Someone can give a short explanation why to use this or that?

PS: btw, how to convert from Text to ByteString ?

Cannot match expected type Data.ByteString.Lazy.Internal.ByteString versus expected type Text Expected type: IO Data.ByteString.Lazy.Internal.ByteString Derived type: IO Text

I tried encodeUtf8 from Data.Text.Encoding but no luck:

Cannot match the expected type of Data.ByteString.Lazy.Internal.ByteString versus the output type Data.ByteString.Internal.ByteString

UPD:

Thanks for the answers that * Chunks goodness looks like a way to go, but I'm somewhat shocked by the result, my original function looked like this:

 htmlToItems :: Text -> [Item] htmlToItems = getItems . parseTags . convertFuzzy Discard "CP1251" "UTF8"

And now it has become:

 htmlToItems :: Text -> [Item] htmlToItems = getItems . parseTags . fromLazyBS . convertFuzzy Discard "CP1251" "UTF8" . toLazyBS where toLazyBS t = fromChunks [encodeUtf8 t] fromLazyBS t = decodeUtf8 $ intercalate "" $ toChunks t

And yes, this function does not work, because it is incorrect if we supply it with Text , then we are sure that this text is correctly encoded and ready for use, and the conversion is a stupid thing, but such a detailed conversion should still occur somewhere- then outside htmltoItems .

+68

string text haskell

Dfr Sep 09 '11 at 6:13

source share

3 answers

You definitely want to use Data.Text for text data.

encodeUtf8 is the path.
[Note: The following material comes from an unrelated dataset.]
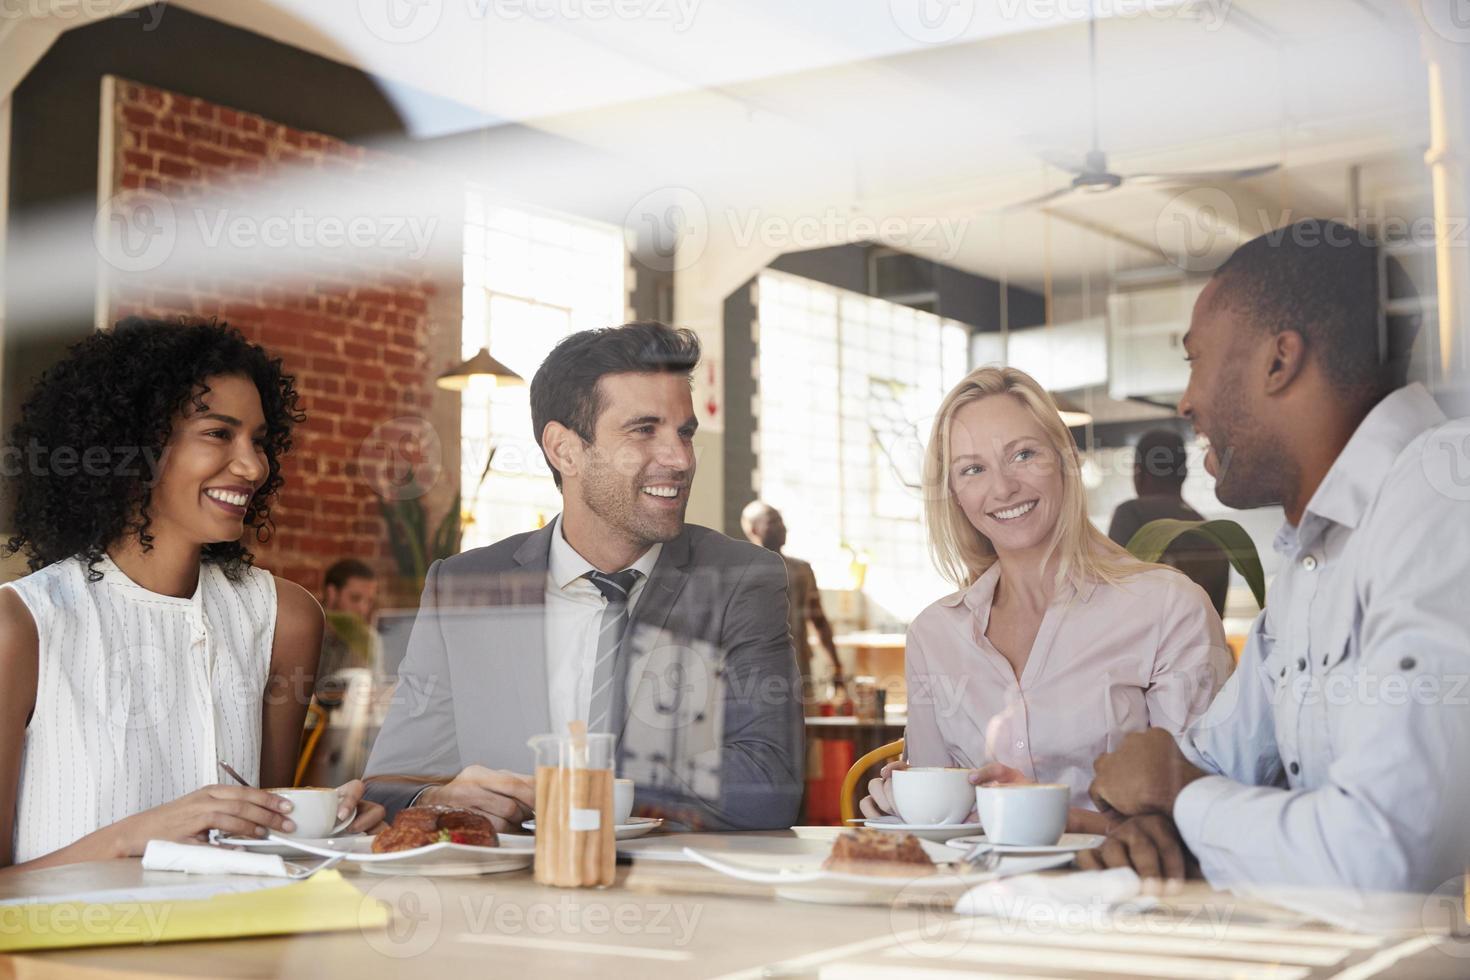 empresarios reunidos en la cafetería dispararon a través de la ventana foto
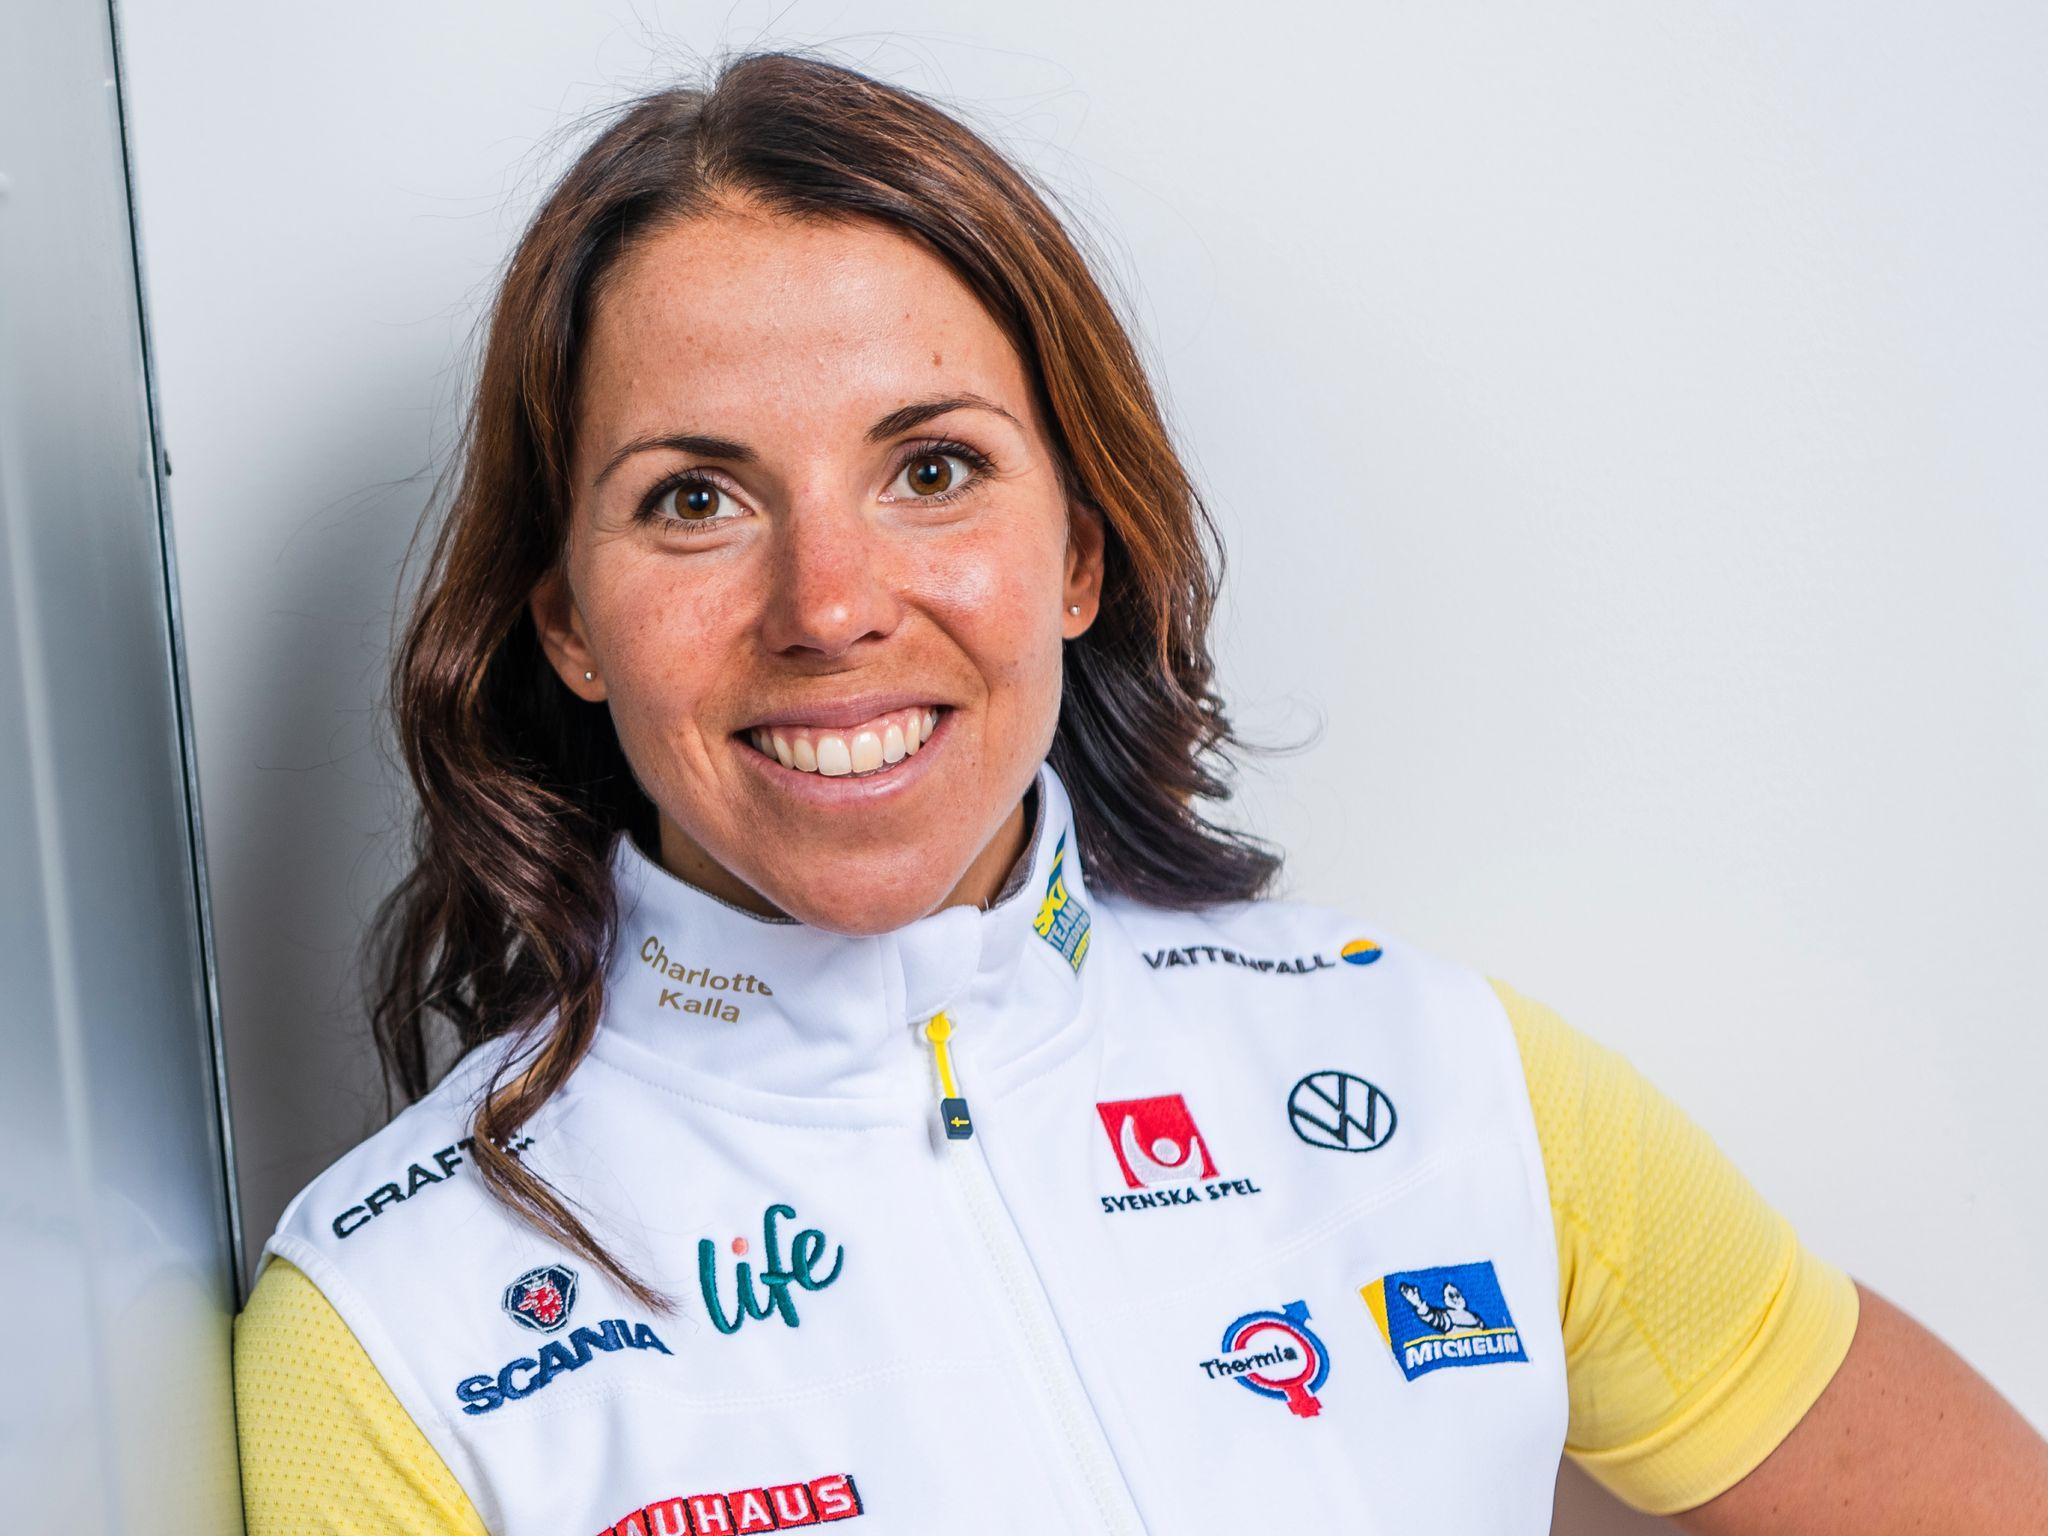 Svenske langrennsløpere truet med å gi seg på landslaget. Nå

This error:

Failed to match the expected type Data.ByteString.Lazy.Internal.ByteString against the output type Data.ByteString.Internal.ByteString

means that you provide a strict byte string for code that expects a lazy byte string. Converting easily using the fromChunks function:

 Data.ByteString.Lazy.fromChunks :: [Data.ByteString.Internal.ByteString] -> ByteString

so all you have to do is add the fromChunks [myStrictByteString] function wherever lazy bytes are expected.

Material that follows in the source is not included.